> [DATA EXTRACT]
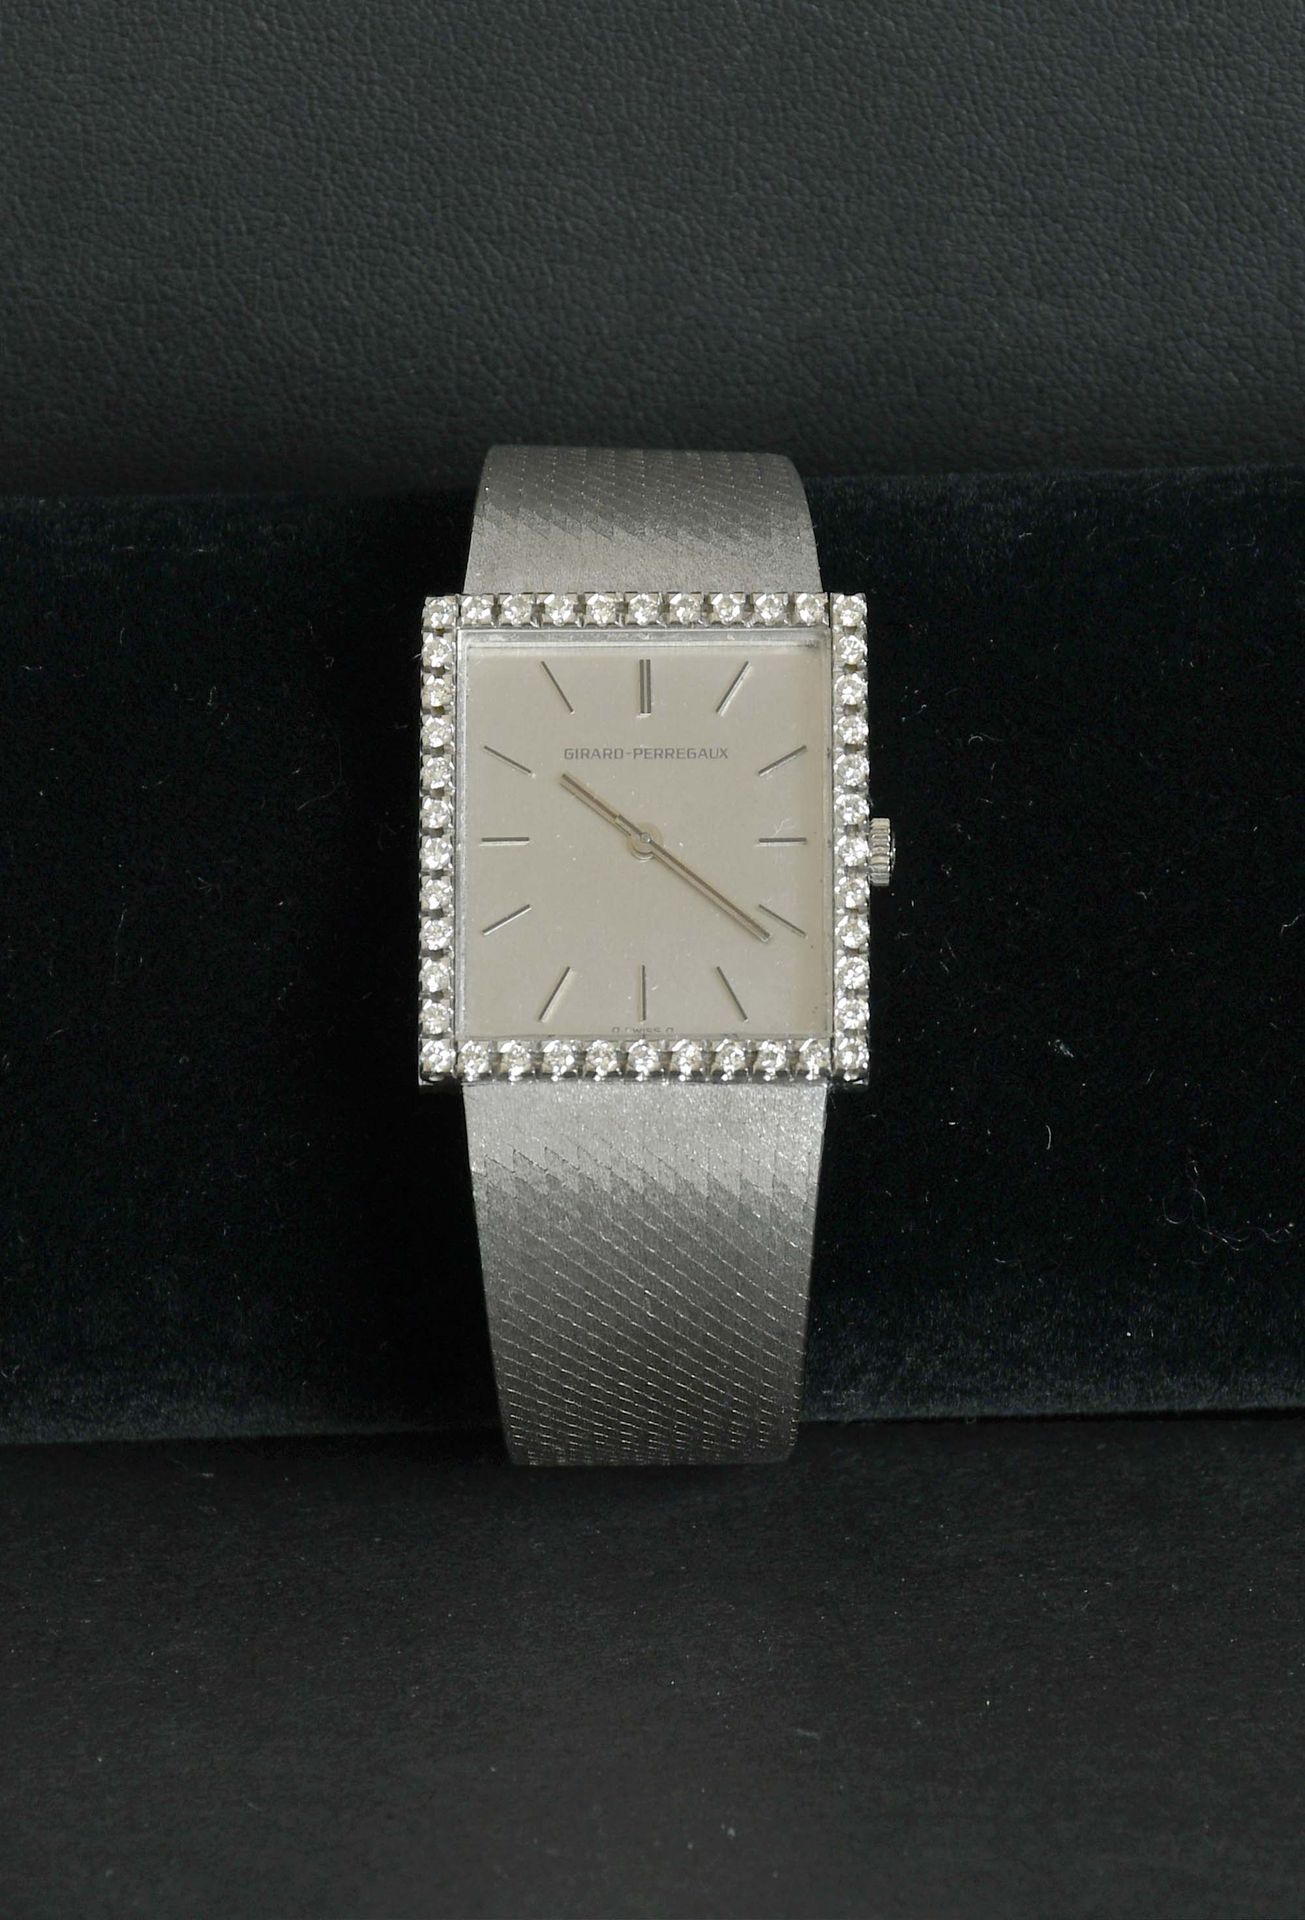 Null Schmuckstück

Girard Perregaux

Wunderschöne Uhr komplett aus achtzehn Kara&hellip;

> [PROBLEM TO SOLVE]
Reproduce the whole listing word for word, setting aside any pictures.

> [FINISHED EXERCISE]
 Null Schmuckstück

Girard Perregaux

Wunderschöne Uhr komplett aus achtzehn Kara&hellip;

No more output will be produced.